Concorda-se com a decisão recorrida quando ponderou que “perante a matéria dada como provada, resta concluir que se mostra injustificada a recusa do lesado, ora recorrente, em aceitar a indemnização em dinheiro oferecida pela ré, o que afasta a responsabilidade da recorrida relativamente ao período de imobilização do veículo subsequente ao momento em que colocou à disposição do autor o pagamento da indemnização em causa.”

Também nesta parte o recurso improcede.

Resta apreciar a questão da taxa dos juros de mora e termo inicial da obrigação.

Pretende o Recorrente que a taxa de juros seja fixada no dobro da taxa prevista na lei aplicável ao caso, nos termos dos art. 38º e 39º do DL nº 21/2007, por falta de apresentação de proposta razoável de indemnização pela Ré.

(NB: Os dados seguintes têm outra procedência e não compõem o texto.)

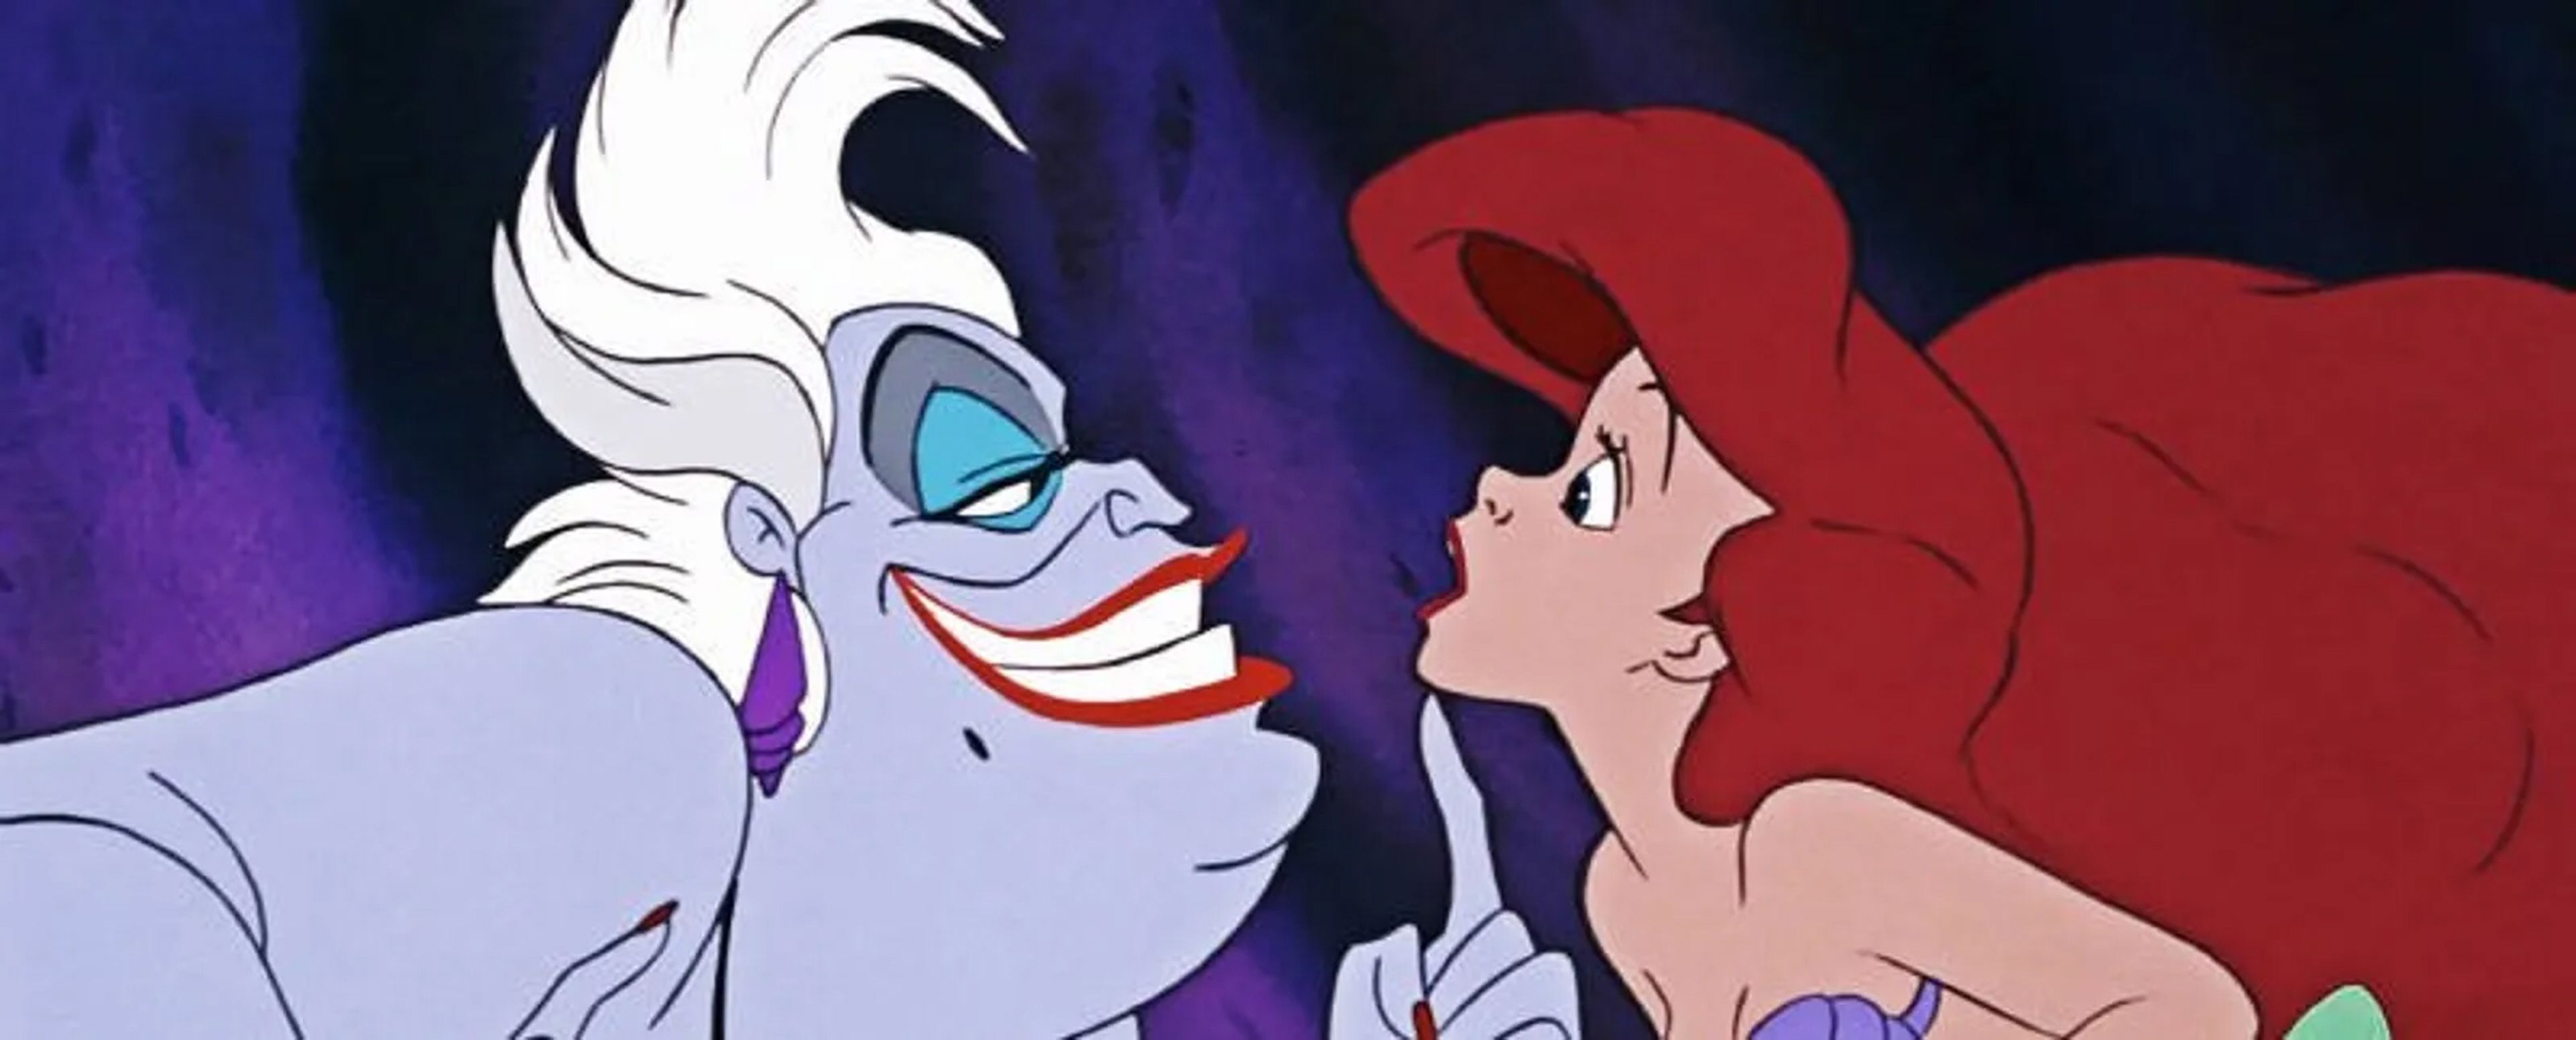 Ariel y Ursula - La sirenita

O acórdão recorrido analisou exaustivamente esta matéria, tendo concluído “que resulta evidente que não se verificam os pressupostos para o agravamento de juros moratórios previsto no artigo 38.º, n.º 2 do DL 291/2007, de 21-08, para que remete o artigo 39.º, n.º 2 do mesmo diploma, tanto mais que, como prevê o n.º 1 do citado artigo 39.º, a posição prevista na alínea c) do n.º 1 ou na alínea b) do n.º 2 do artigo 37.º consubstancia-se numa proposta razoável de indemnização, no caso de a responsabilidade não ser contestada e de o dano sofrido ser quantificável, o que no caso não se verificou.

Pelo exposto, improcedem as conclusões da apelação relativas à questão em análise, sendo devidos juros moratórios, à singela taxa legal, sobre a indemnização devida e fixada, nos exatos termos que constam da sentença recorrida”.

O Recorrente nenhum argumento ou razão aduz contra este entendimento, alegando na revista como se nada tivesse sido dito/decidido pela Relação.

Concordamos inteiramente com o que a este propósito decidiu a Relação, pelo que também nesta parte se confirma o acórdão recorrido.


Decisão.

Pelo exposto, concede-se parcial provimento à revista, fixando-se em €90.000,00 a indemnização por dano patrimonial futuro que a Ré deve pagar ao Autor, e confirmando-se no mais o douto acórdão recorrido.

Custas por Autor e Ré na medida do decaimento.


Lisboa, 10.12.2020

                                                                              

Ferreira Lopes (Relator)

Manuel Capelo

Tibério Silva

Nos termos do art. 15º-A do Dl nº 10-A de 13.03, aditado pelo DL nº 20/20 de01.05, o relator declara que o presente acórdão tem o voto de conformidade dos restantes juízes que compõem este colectivo.